Вот и одноэтажные глухие и темные домики, то и дело разрывающиеся темными пустырями. Сиротливо, чуть мерцают керосиновые фонари. Тени слились. Окраина.

Чувствуется немощеная мягкая дорога, и велосипед бесшумно катится мимо отходящих назад последних темных строений.

Густая черная темь сразу охватывает.

Сзади голубоватое зарево, впереди — ровная непроницаемая чернота, заворожившая весь мир.

Не видно ни дороги, ни поля. Не знаю, куда бежит велосипед, и только некоторое усилие, с которым нажимаю педали, говорит, что еду в гору.

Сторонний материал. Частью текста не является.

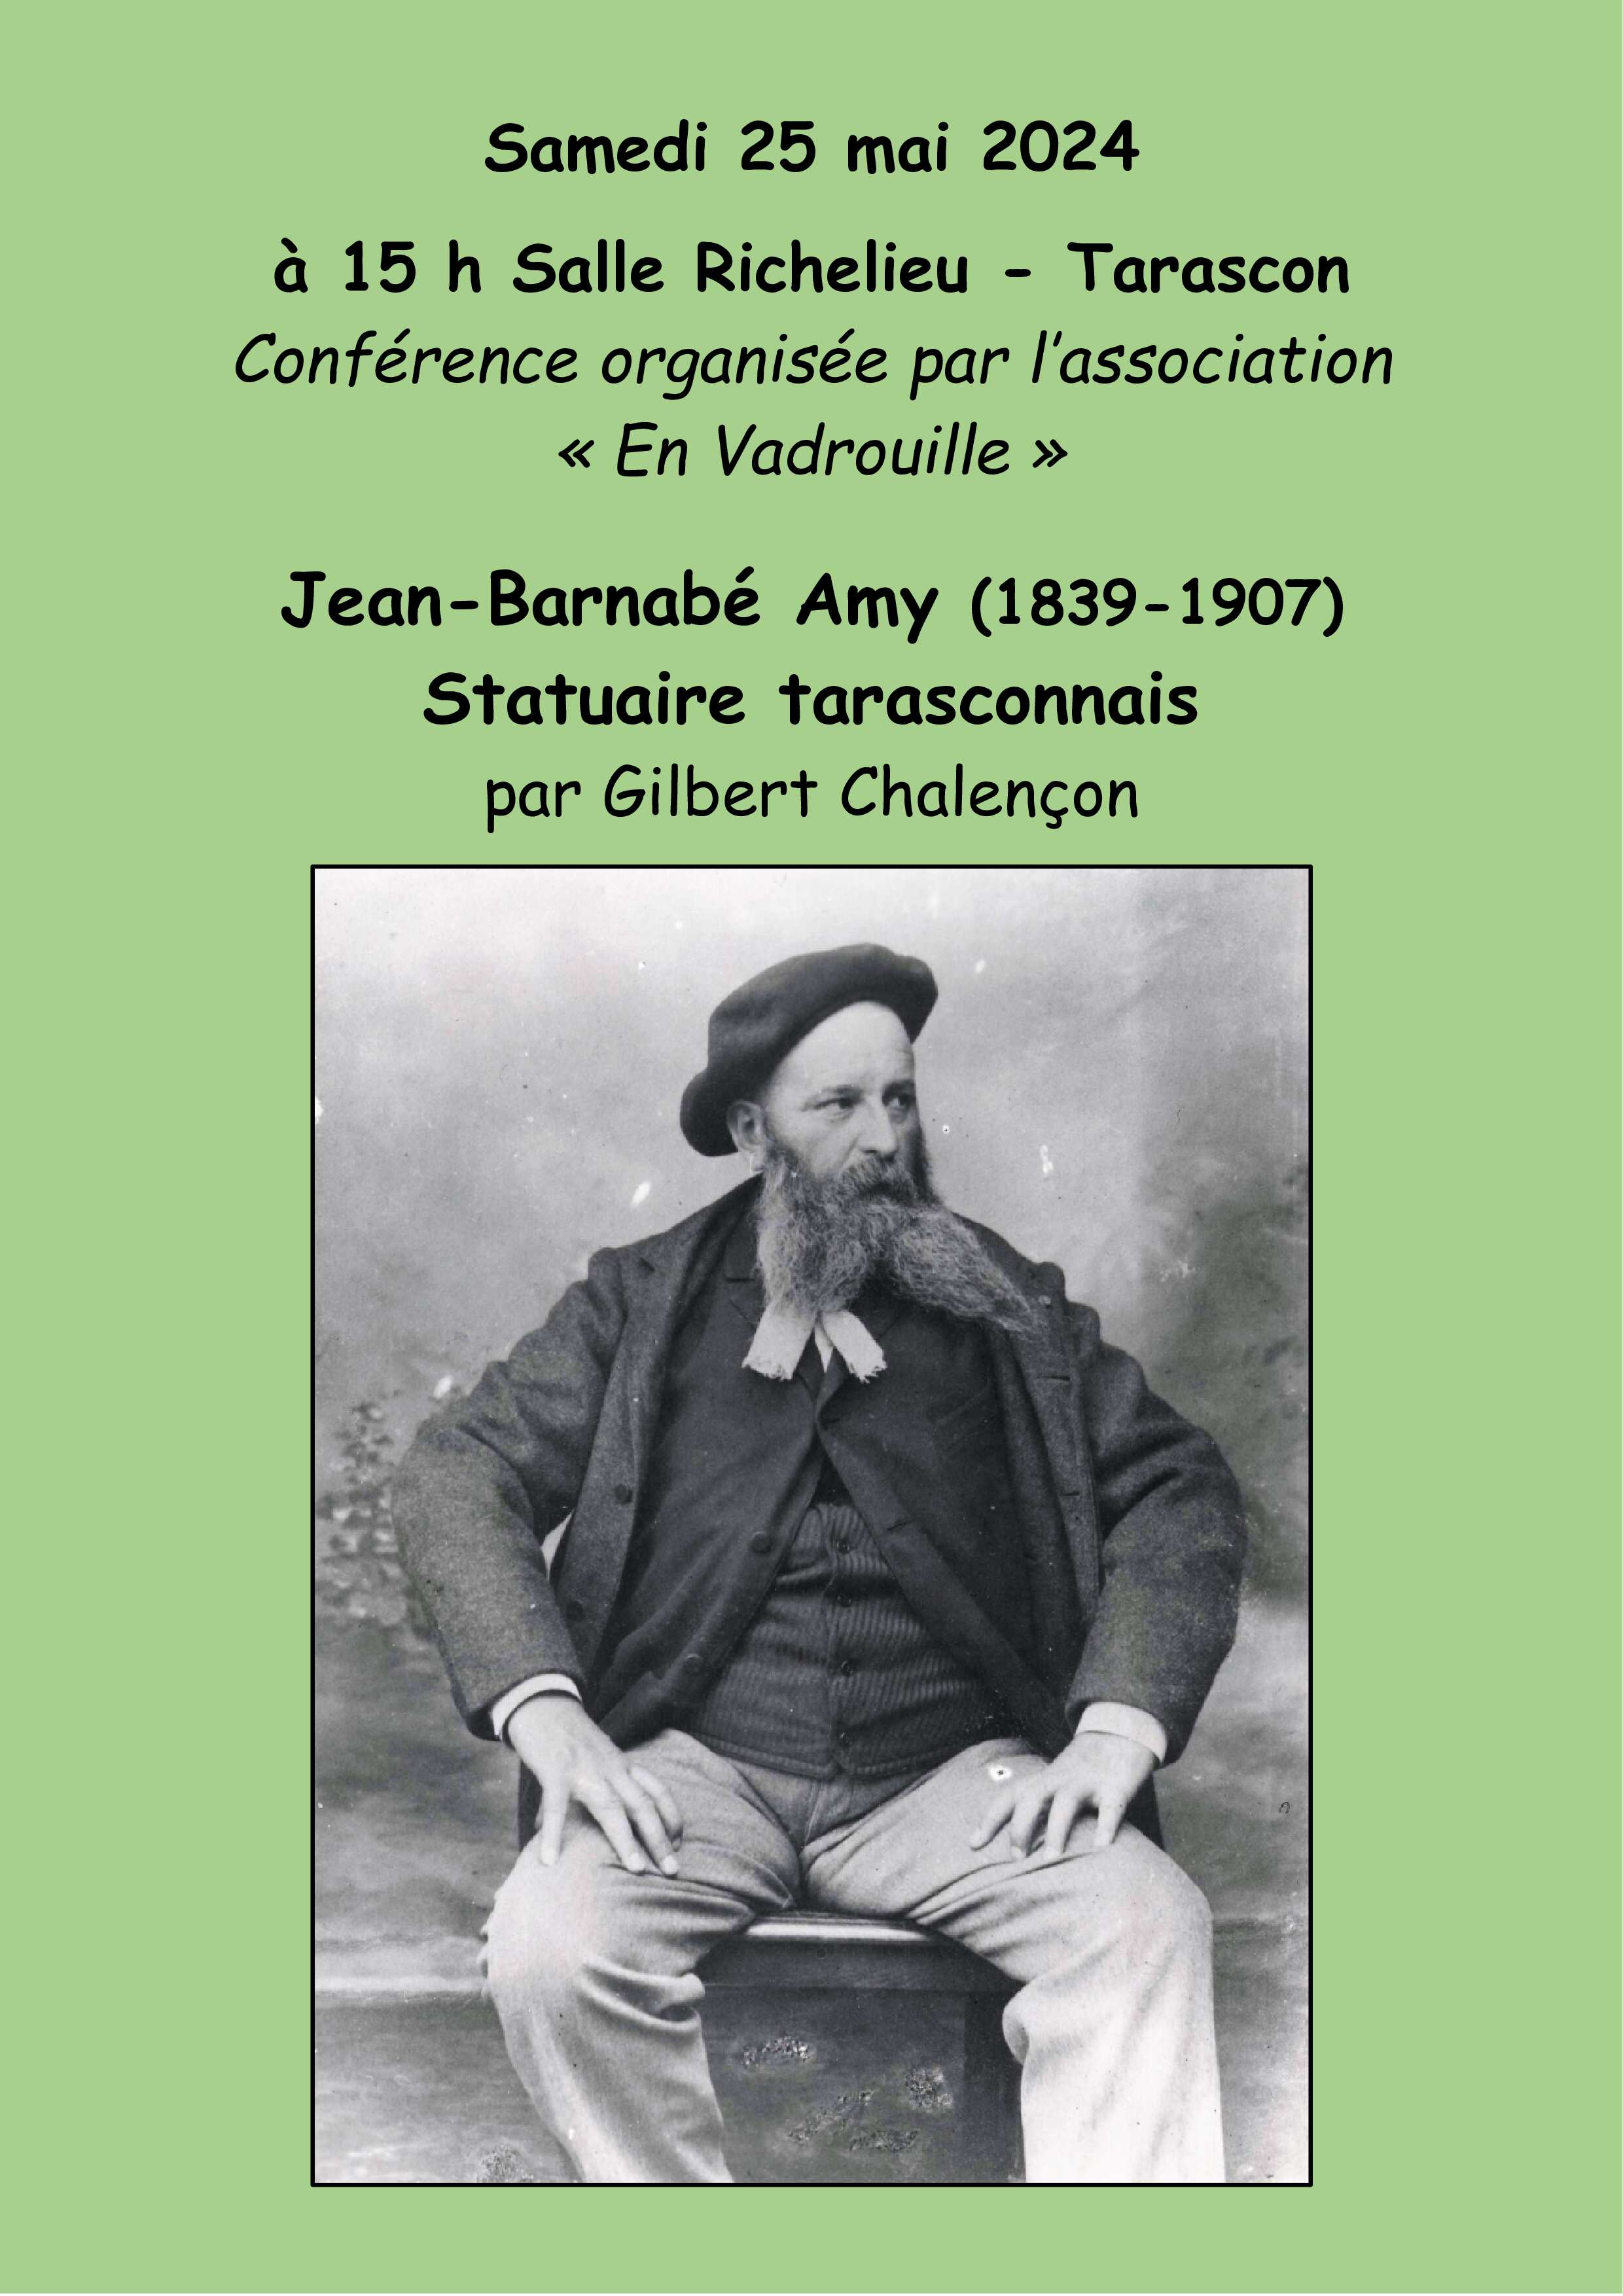 Conférence/Jean-Barnabé Amy/Statuaire Tarasconnais null France null null null null

Знаю одно: могу заехать в овраг, наткнуться на железнодорожное полотно, забраться в совершенно противоположную сторону. Ухо жадно ловит смутный звон чуть гудящей в вышине проволоки, а глаз — неуловимые силуэты выступающих у самого велосипеда и сейчас же пропадающих телеграфных столбов.

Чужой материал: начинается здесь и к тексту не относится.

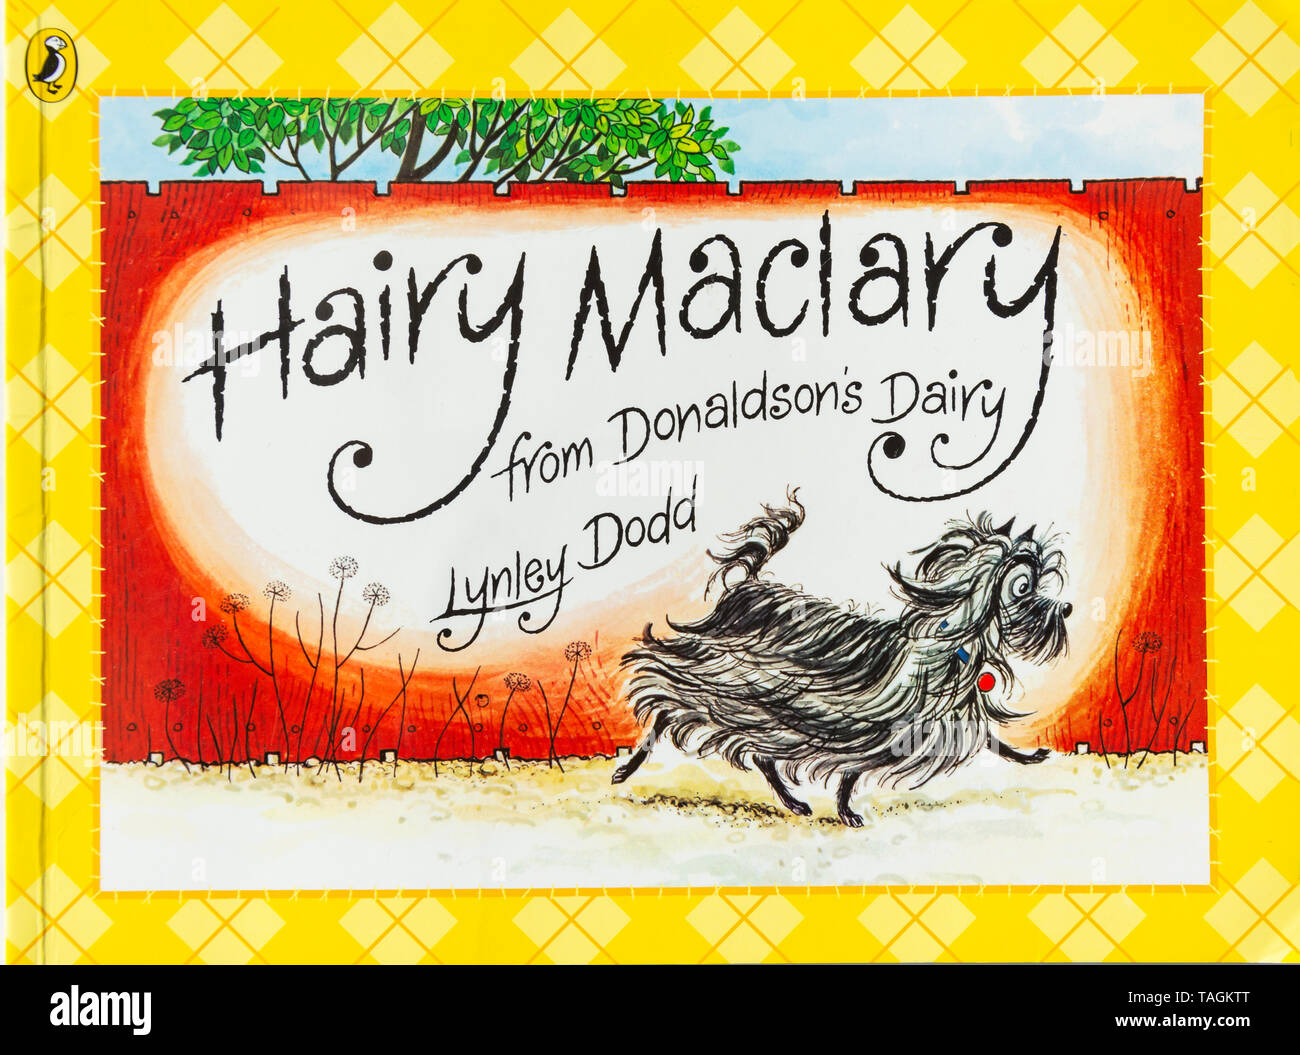 Nuova Zelanda libro per bambini Hairy Maclary da Donaldson del caseificio da Lynley Dodd, Christchurch, regione di Canterbury, Nuova Zelanda Foto Stock

«Эй, смотрите, оберут, а то и пристукнут…» — зловеще слышатся напутственные слова.

Ночной воздух, дотоле неподвижный и молчаливый, теперь несется в лицо; смутно мелькает дорога; характерный звук быстро катящихся тугих шин наполняет немое молчание темноты: «Вь-и-и-и… вьи-вьи-вьи!..»

Тонкие нечеловеческие голоса впиваются в ухо, и иглы мгновенного страха остро разбегаются по всему телу.

— А-а… так вот оно!.. оберут или прист…

Вьи-и-и… вьи-вьи… вьи!..

Нет, это не голоса, это — встречный воздух безумно свистит в раме, в спицах, в ушах.

Ноги, подхваченные педалями, мотаются, как собачьи языки в жару. Вцепившись в руль, я судорожно держусь, низко согнувшись. Ночь несется на меня, по-прежнему неподвижная, слепая и темная.

И вдруг жуткое, жгучее ощущение безумной езды пронизывает меня острой радостью.

— Га-а-а!.. берегись!..

Я забываю о грабежах и убийствах, о босяках, о том, что ночь также зловеще темна; мне хочется кричать, петь звонко и оглушительно.

— Га-а-а!.. го-го-о-о!!

Но бешеный бег срывает голос, как соломинку, и угрожающе нарастает до предела доведенный звук напряженных шин.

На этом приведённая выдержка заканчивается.